There might be no "next big thing", but nobody has ever said there was.
And why should they? The billions keep pouring in and they'll all be long gone by the time the revenues dry up.
You could say that about any profitable company.
The fact that over the last few weeks we've been given a new mobile OS, a new desktop OS, new iWork and iLife suites (with feature parity across desktop, tablet, phone and web) for free, an iPad Air with solid reviews, the Retina iPad mini that everyone has wanted, a move to a 64-bit architecture, a screaming A7 chip which bests the competion on most benchmarks, TouchID (which is my favourite smartphone addition since Retina) etc, etc.

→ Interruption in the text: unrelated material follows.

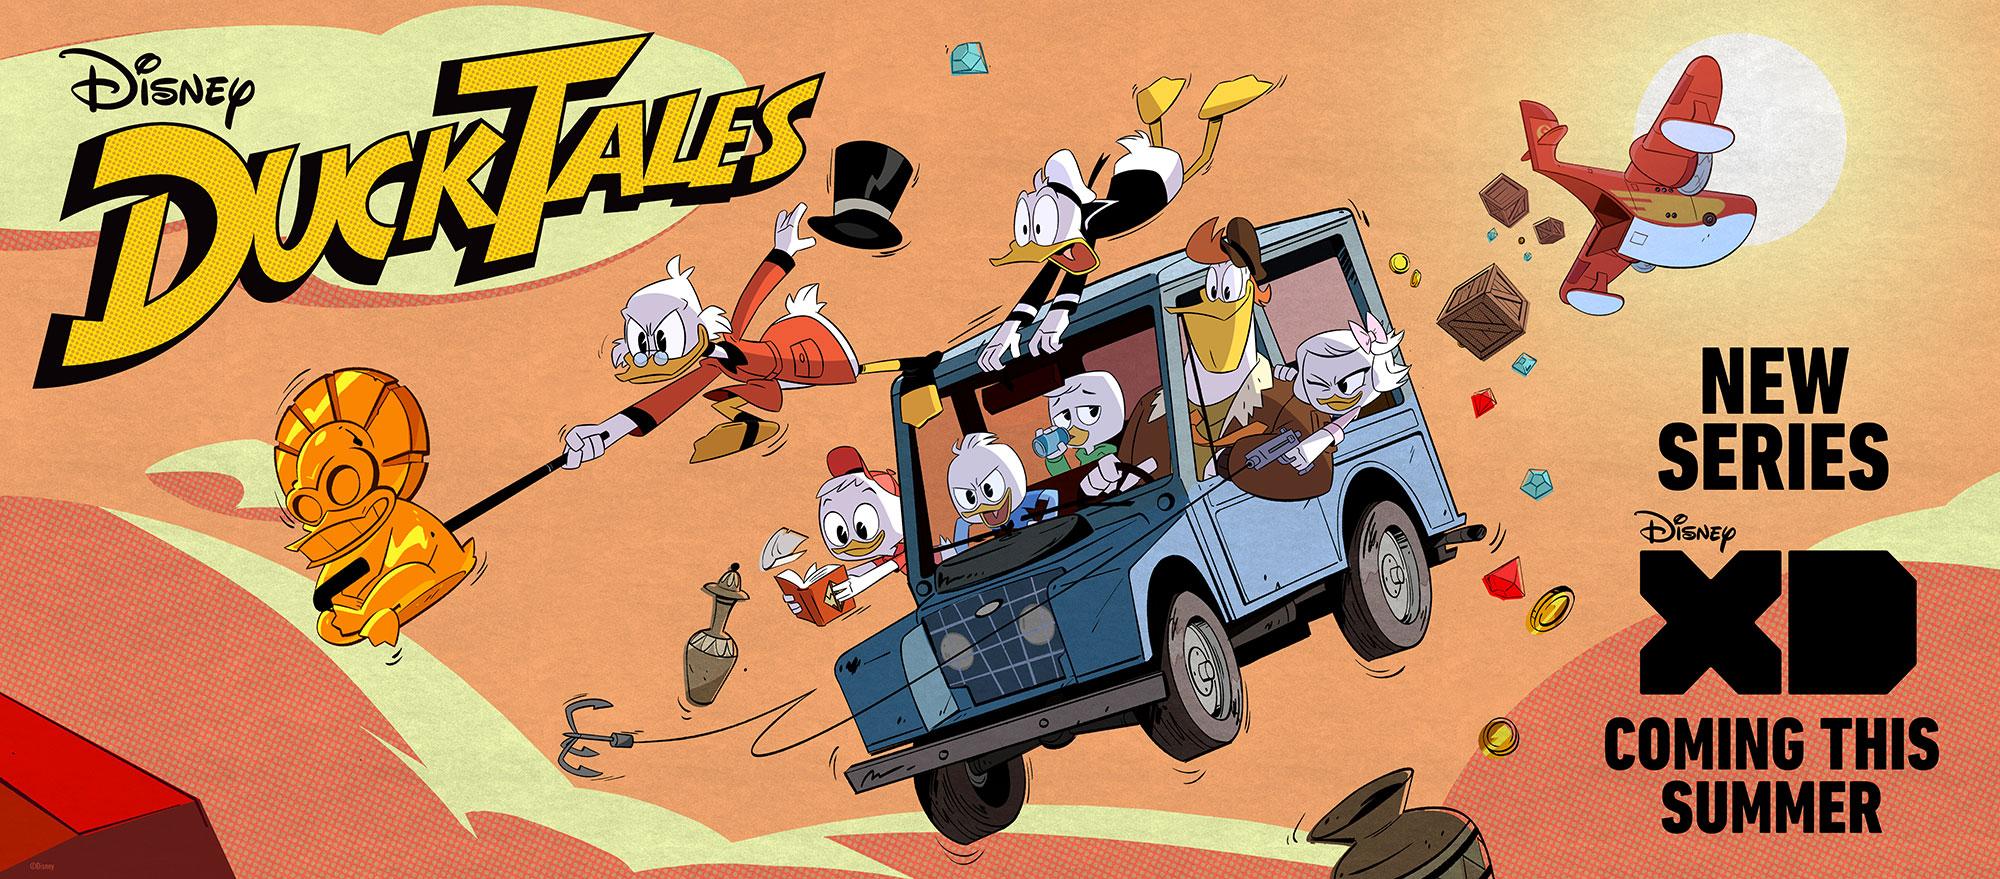 DuckTales teaser image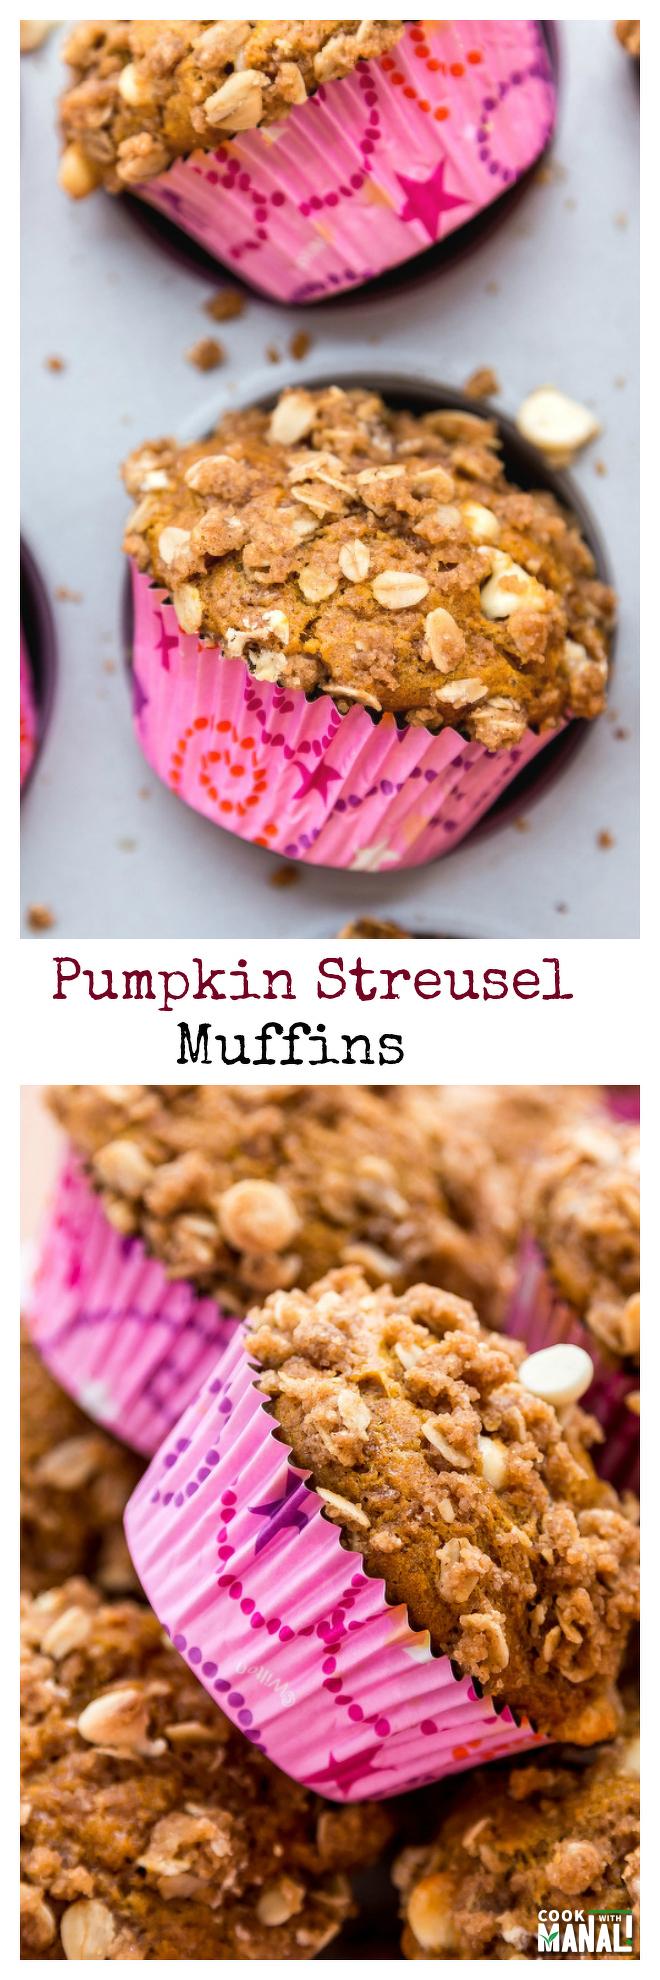 pumpkin-streusel-muffins-collage

The board Cook and all the Vice Presidents have more money than they could realistically spend. If they didn't care they would just sell crap. Crap would not sell, crap would not get good reviews. On the contrary the goods are selling and they are getting great reviews.
You reflection to me sounds like someone who has used Apple products for a few years and think they have historically been perfect. They really havent.
Throughout my response to your reflection I've realised Apple is still the company it always was, and is evolving IMO nicely. Their current crop of products are some of the best reviewed they've ever had. I'm glad Tim isn't trying to be Jobs - he's just doing things his own way.